• rat;
  • calcium channel;
  • presynaptic;
  • exocytosis;
  • cerebellum;
  • FM1-43;
  • imaging


The free calcium concentration, [Ca2+]c, in fura-2-loaded rat cerebellar granule cells was investigated by digital imaging during trains of uniform field stimuli in order to compare the ability of calcium channels in somata and neurites to respond to brief, physiologically relevant depolarizations. Very few somata responded to 20 Hz trains of 1 ms pulses, while virtually all neurites showed an extensive increase which was rapidly reversed when stimulation was terminated. In contrast, both somata and neurites responded when cells were depolarized with 50 mM KCl. The field stimuli evoked a tetrodotoxin-sensitive increase in Na+ concentration in both somata and neurites. When 4-aminopyridine, which inhibits delayed K+ currents in these cells, was present during the field stimulus both somata and neurites increased their [Ca2+]c, suggesting that prolongation of the duration of depolarization is required for somatic Ca2+ channel activation. The neurite response did not depend on the orientation of the neurite relative to the applied field. The neurite response was insensitive to nifedipine (1 μM) and ω-agatoxin-IVA (30 nM) but was uniformly inhibited by ω-conotoxin-GVIA (30% inhibition at 1 μM) and ω-conotoxin-MVIIC (44% inhibition at 5 μM).
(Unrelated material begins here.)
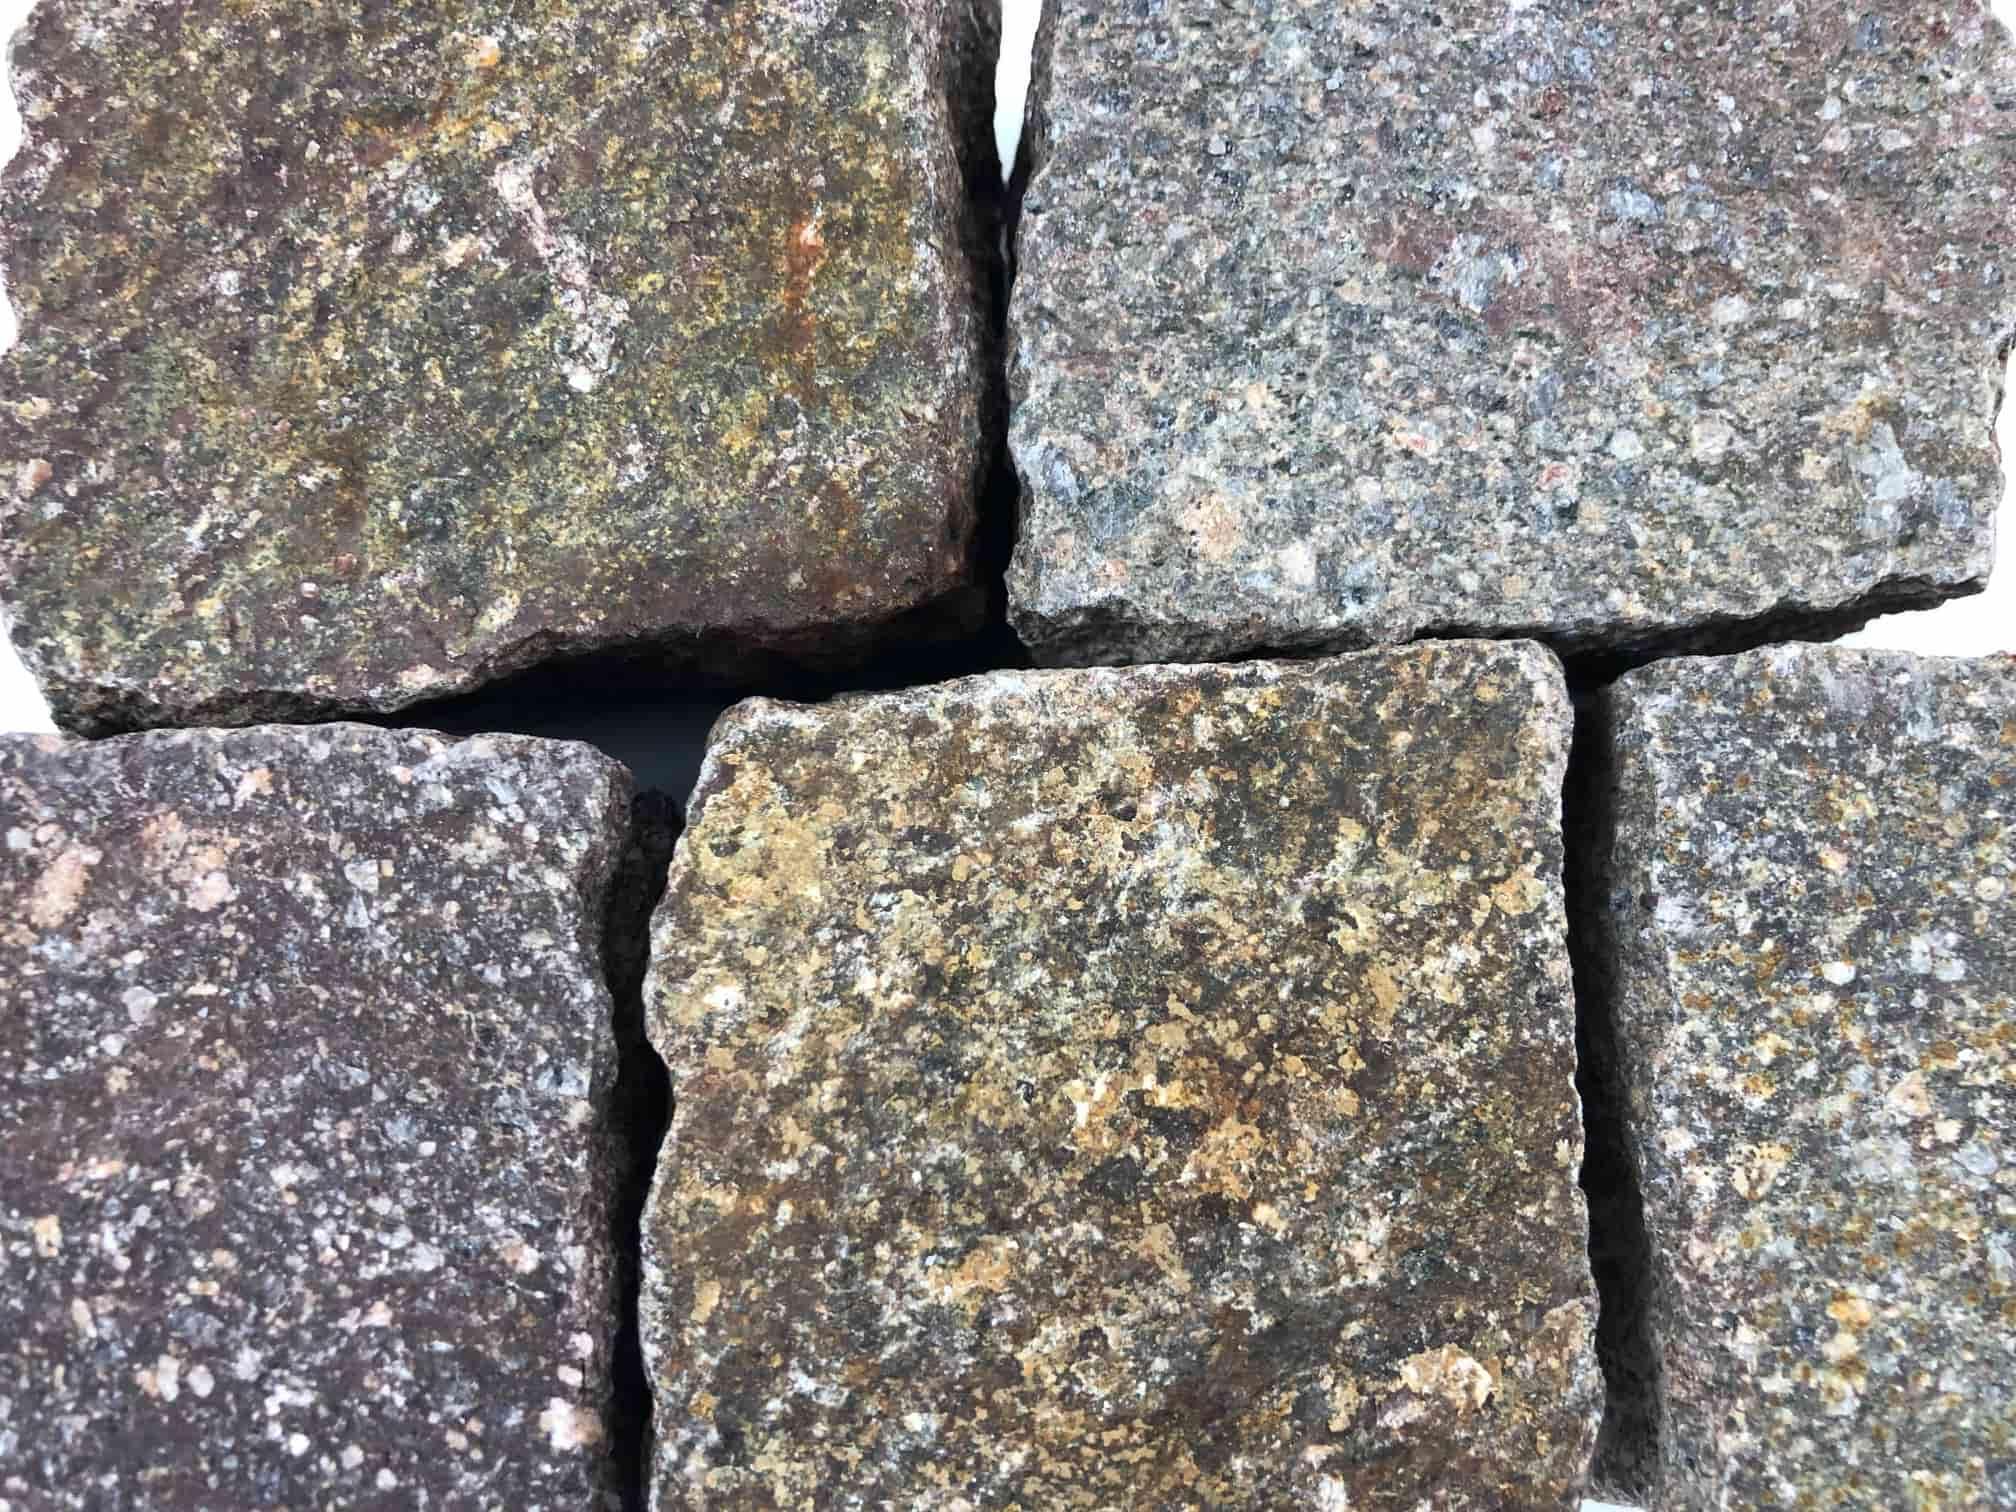 porphyr-mosaikpflaster-4-6-bunt-gebrochen (3)
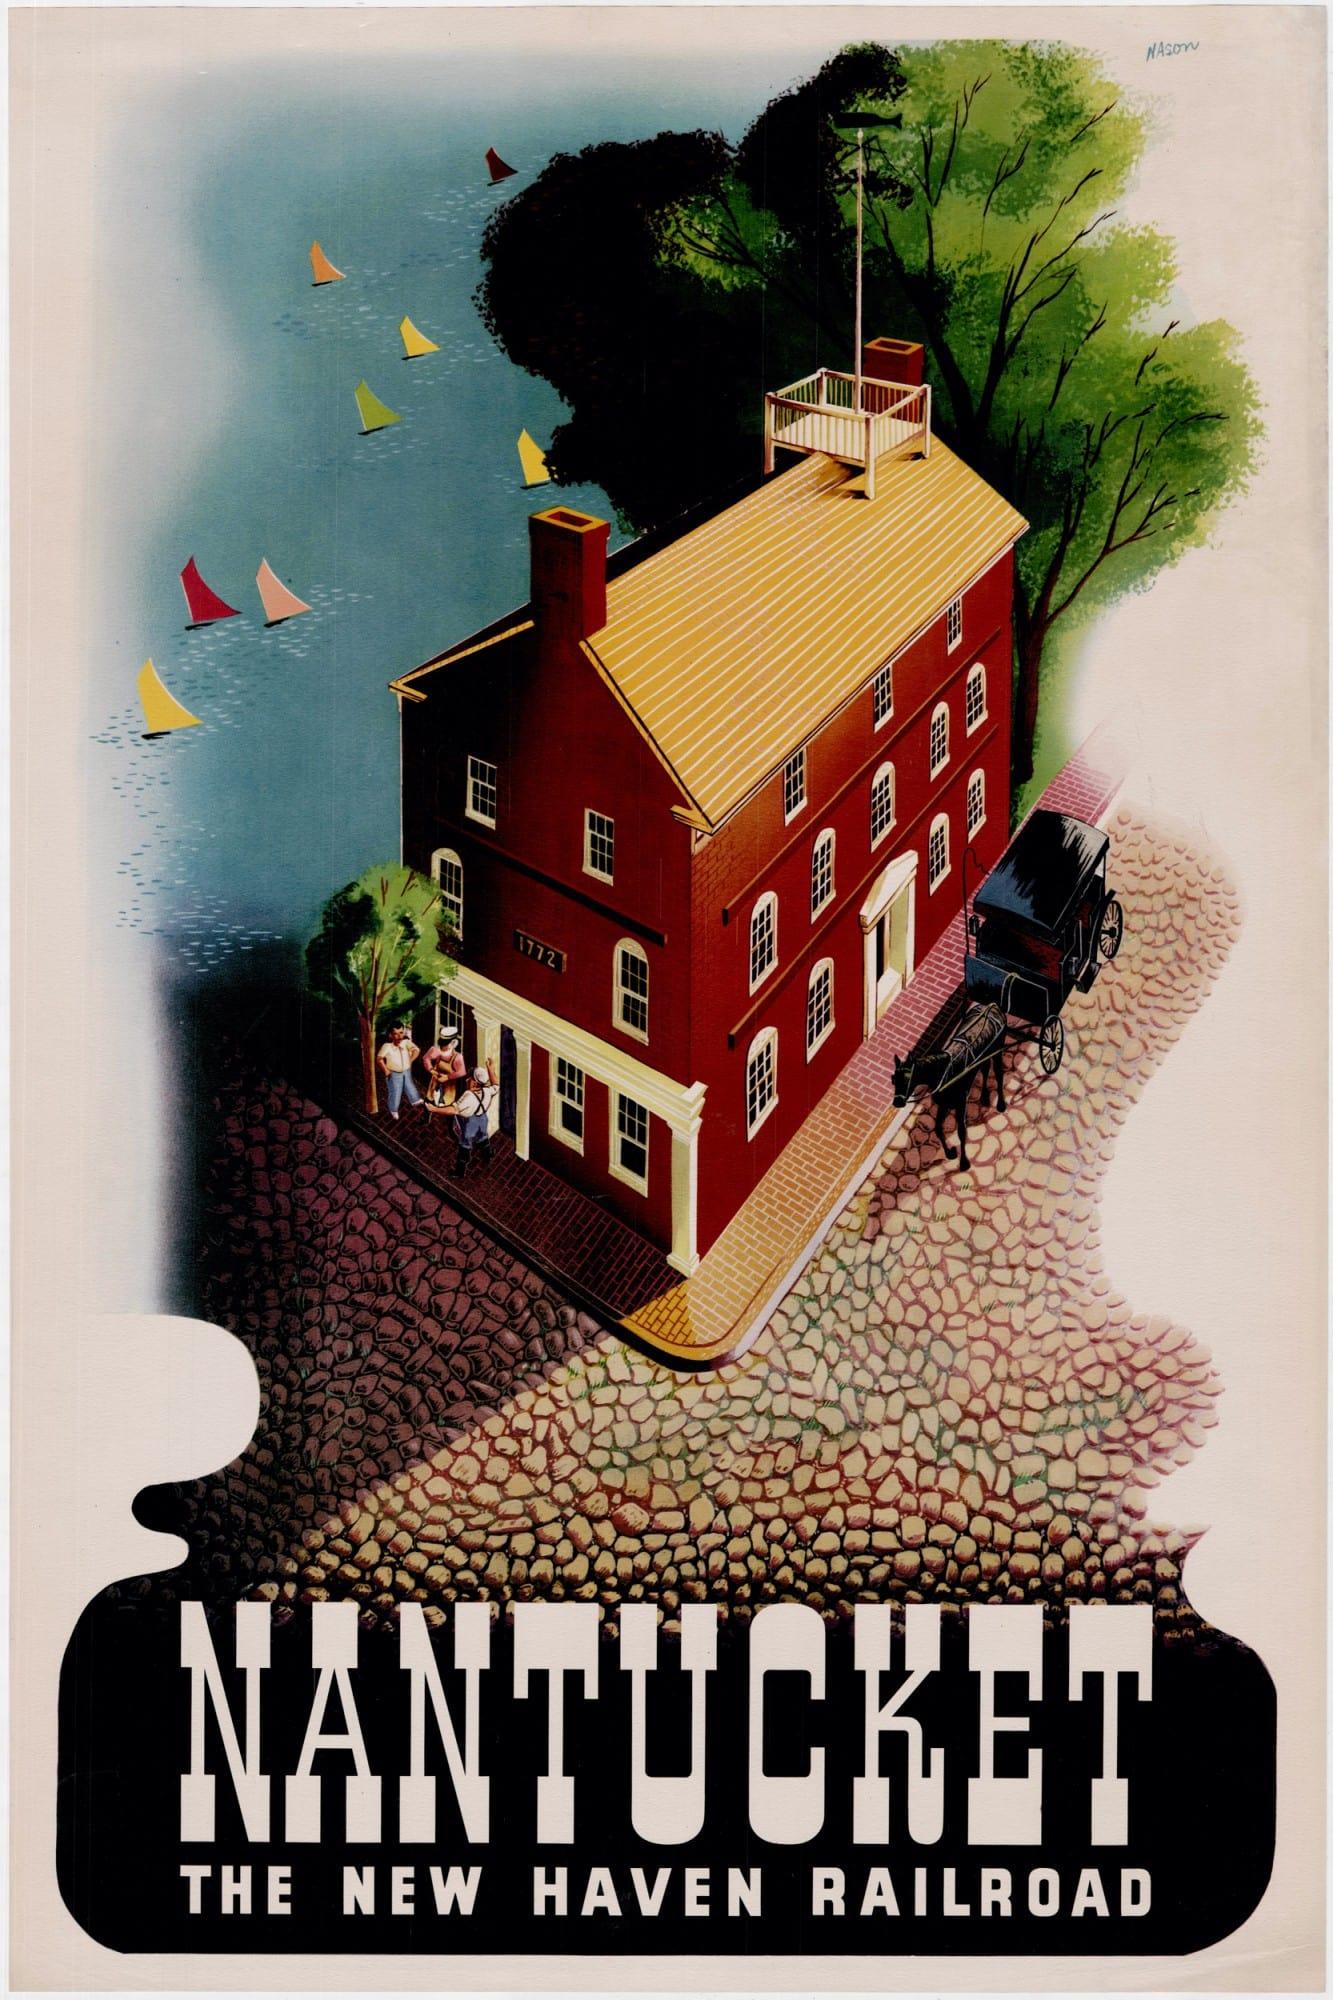 Ben Nason poster promoting travel to Nantucket - Rare & Antique Maps

The two inhibitors were not additive. The neurite [Ca2+]c response was insensitive to the combination of ionotropic glutamate receptor antagonists. Field stimulation caused the exocytosis of the fluorescent probe FM1-43 previously loaded during KCl depolarization, suggesting that presynaptic Ca2+ channels contribute to the field-evoked neurite response.